**AIM OF THE EXERCISE**: Set down, exactly and only, everything from the line containing "Thermal Mineral Spring" down to the line containing "Raion Power RG0645T1" in the data below; the pictures are not part of the copy.

**DATA IN THIS EXERCISE**:
____
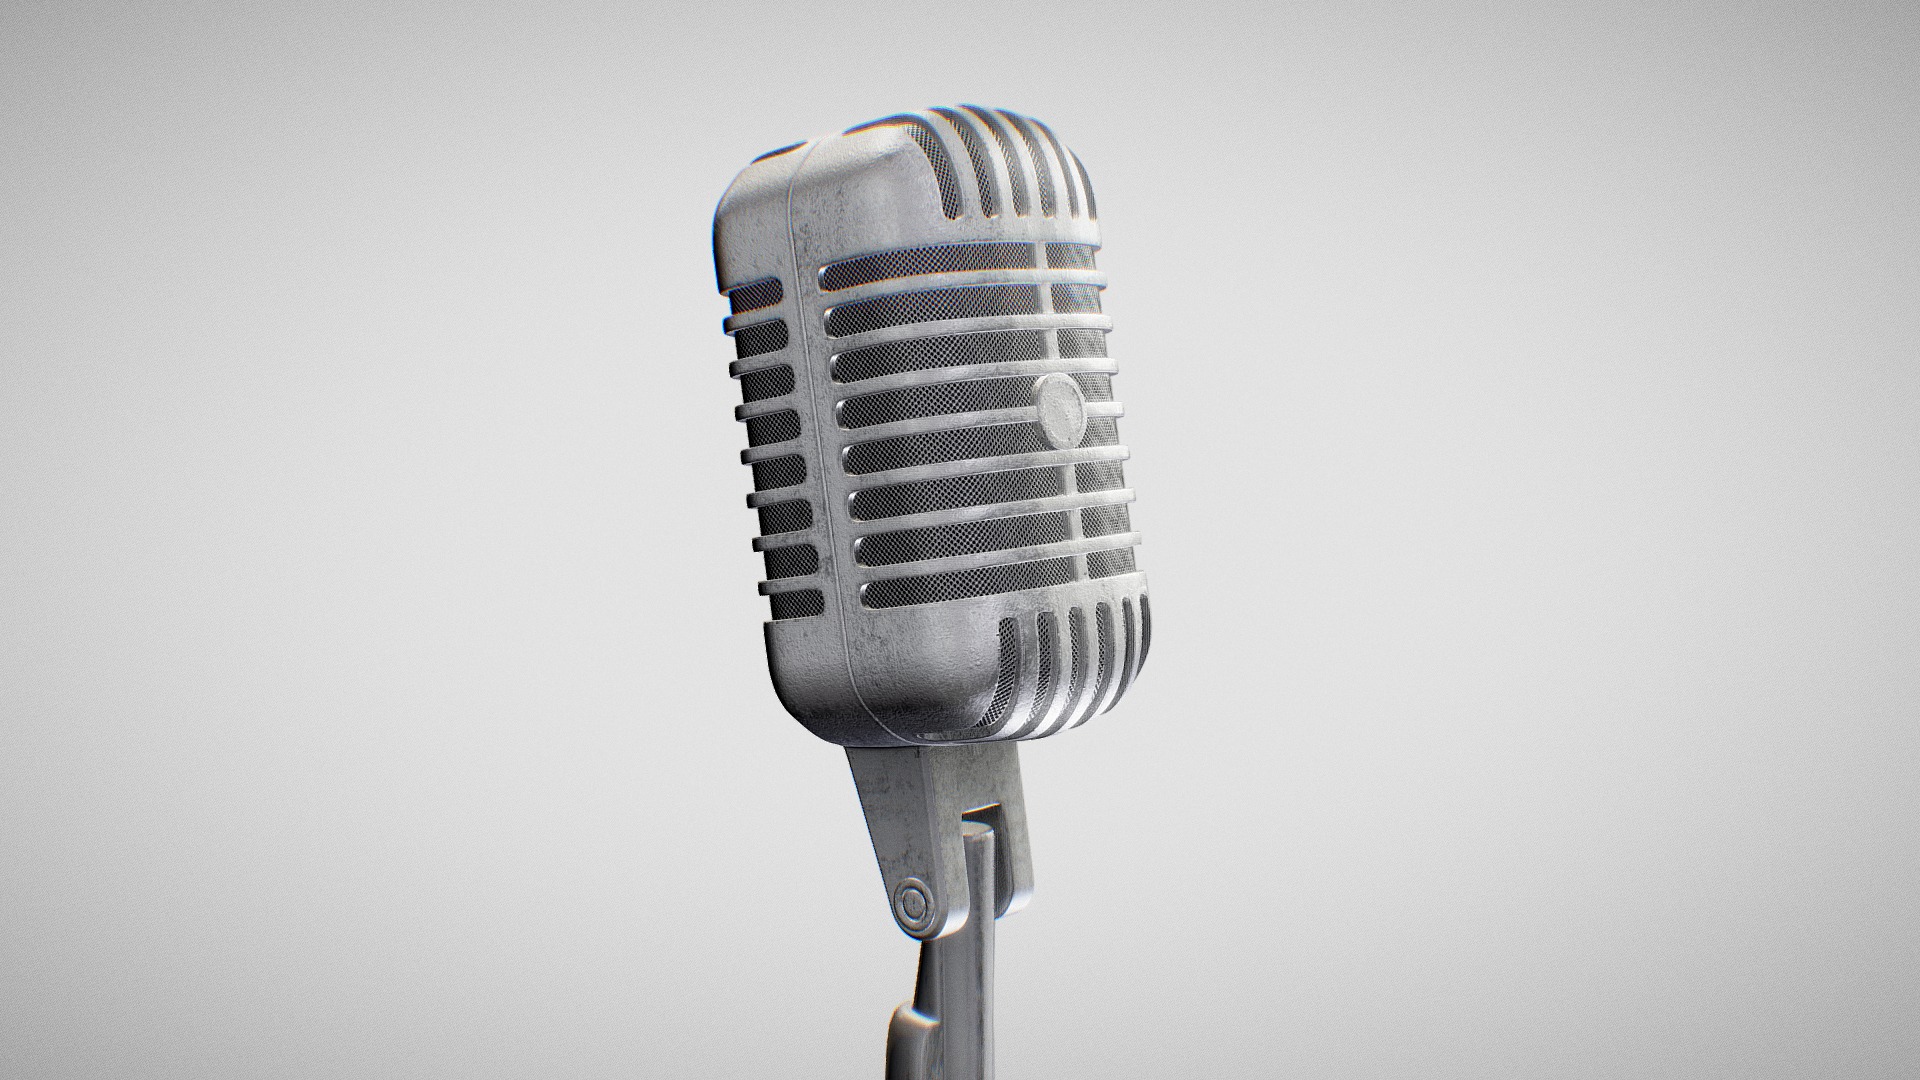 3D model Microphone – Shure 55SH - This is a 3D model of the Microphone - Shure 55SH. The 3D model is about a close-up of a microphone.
____
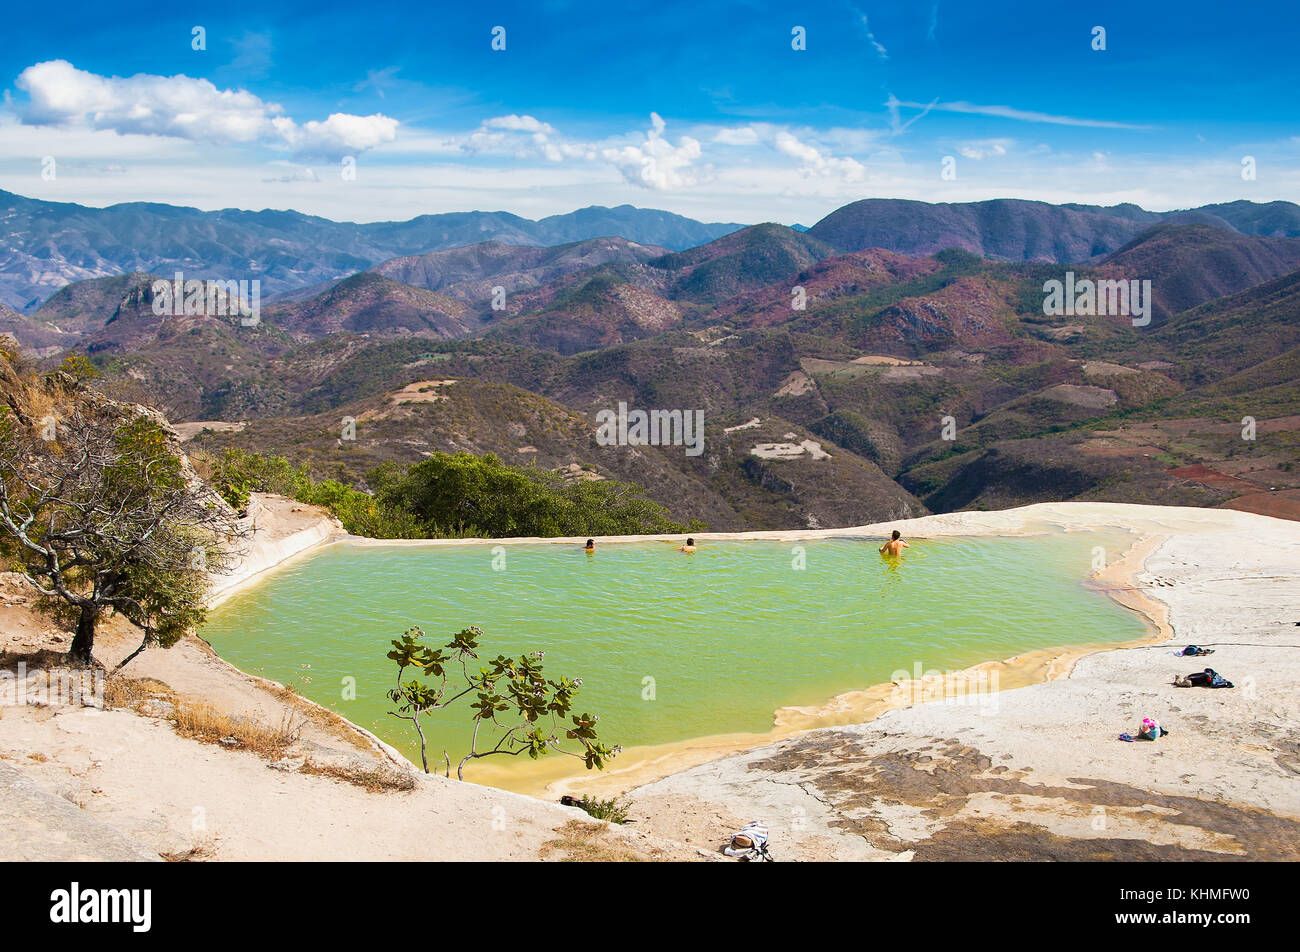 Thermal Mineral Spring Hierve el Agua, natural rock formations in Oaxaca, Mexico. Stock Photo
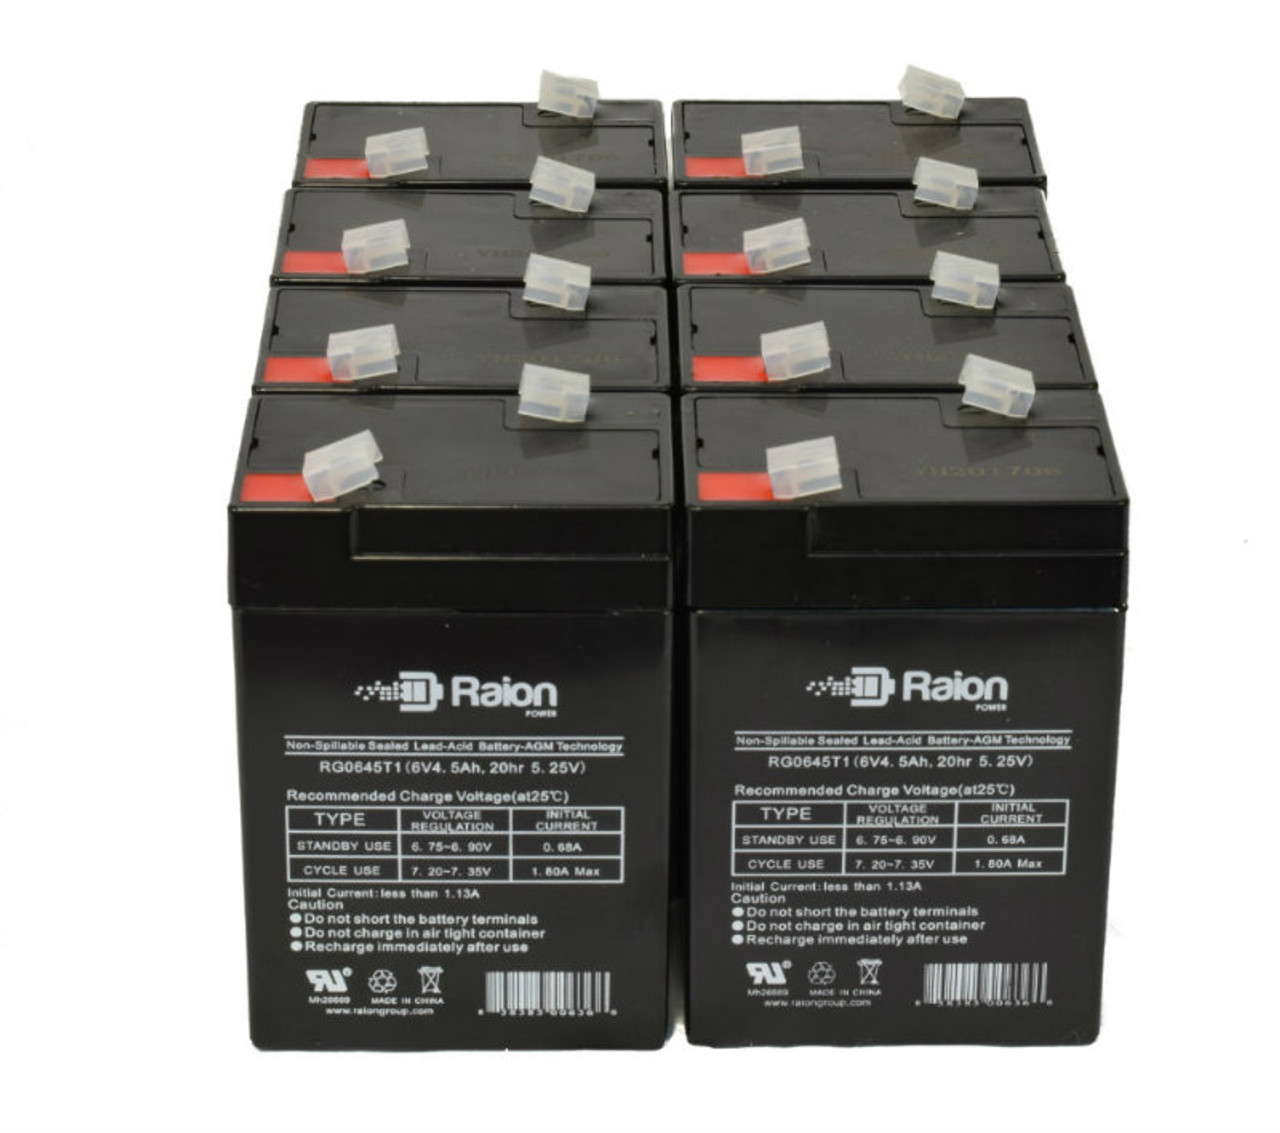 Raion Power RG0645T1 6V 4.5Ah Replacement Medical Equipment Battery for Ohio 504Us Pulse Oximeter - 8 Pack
____
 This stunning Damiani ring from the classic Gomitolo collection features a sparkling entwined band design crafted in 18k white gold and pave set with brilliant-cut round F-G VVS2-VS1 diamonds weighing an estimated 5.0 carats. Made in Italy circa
____
**REPLY**:
 Thermal Mineral Spring Hierve el Agua, natural rock formations in Oaxaca, Mexico. Stock Photo
 Raion Power RG0645T1 6V 4.5Ah Replacement Medical Equipment Battery for Ohio 504Us Pulse Oximeter - 8 Pack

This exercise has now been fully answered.